I've never experienced them jumping. I kept them in my 125 for a long time without any issues at all. I'm sure they are capable of it though. Many fish will jump with the proper provocation.


----------



## lauraleellbp (Feb 3, 2008)

Yep they can definitely jump. Especially if they get startled or a fish chases them. I've had jumpers before after I bumped my tank and while I was working in it.


----------



## bdement (Jan 27, 2005)

I kept them in an open-top tank with Cardinals and Discus for a couple years. In that time maybe 2-3 jumped out, so yes they do jump, but its not a huge problem. Like others have said, most fish will jump if startled enough, but rummies don't make a habit of it.


----------



## bklyndrvr (May 24, 2008)

I have a 75 gallon tank with 2 angels and 18 rummies and all my rummies stay near the bottom of the tank and never venture past the bottom 1/3 of the tank. Are mine weird?


----------



## brianS (Apr 22, 2010)

bklyndrvr said:


> I have a 75 gallon tank with 2 angels and 18 rummies and all my rummies stay near the bottom of the tank and never venture past the bottom 1/3 of the tank. Are mine weird?

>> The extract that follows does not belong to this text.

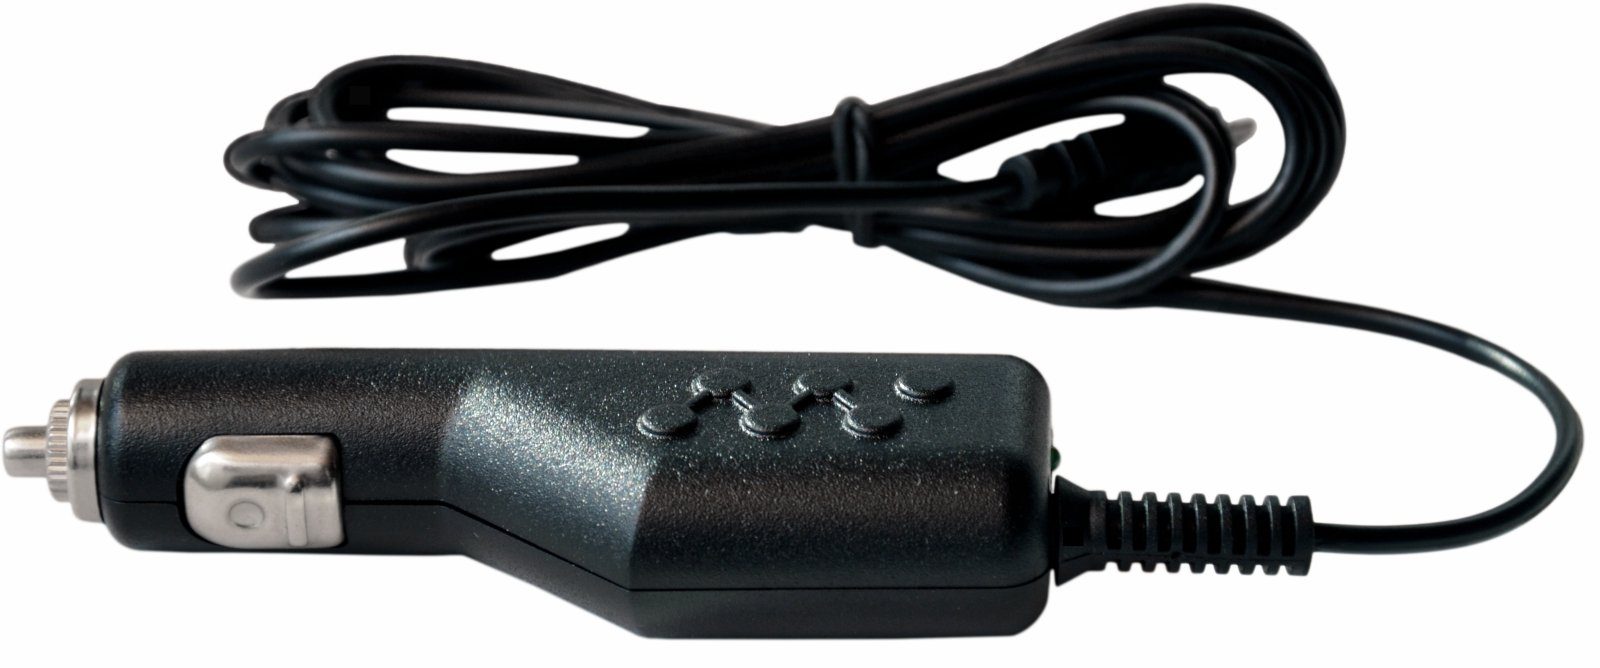 KFZ Ladekabel Ladegerät Micro USB, 12V 24V Anschluss, 2,4A / 5V

Nope..not weird at all. I have a school of 8 in a 30g that don't venture too far from the bottom either.


----------



## bklyndrvr (May 24, 2008)

I thought maybe mine were scare or unhappy. They seem to be happy. Bright red noses, always swimming together. Maybe I should add a couple more?


----------



## brianS (Apr 22, 2010)

I notice that mine are happiest when I do frequent water changes, but if I skip a week...they're not very active at all.


----------



## lauraleellbp (Feb 3, 2008)

If you want them to swim more in the upper part of the tank try adding some floating plants.


----------



## Mikaila31 (Mar 28, 2010)

When I kept a school I had a few that were very skittish compared to the rest. Random bumps or vibrations would freak them out. They can take off like rockets and they fly around the tank for 30 sec. Before stopping and basically going into shock. Usually I'm around and they can be revived pretty successfully, though I takes them 30 min before they regain their swimming abilities 100%. It wasn't all the fish, just 1 or 2 in my school of 10. Weird things like closing the stand door, which they are fine with almost all the time would freak one out. Most should be fine in a rimless tank, you may have a few odd ones.


----------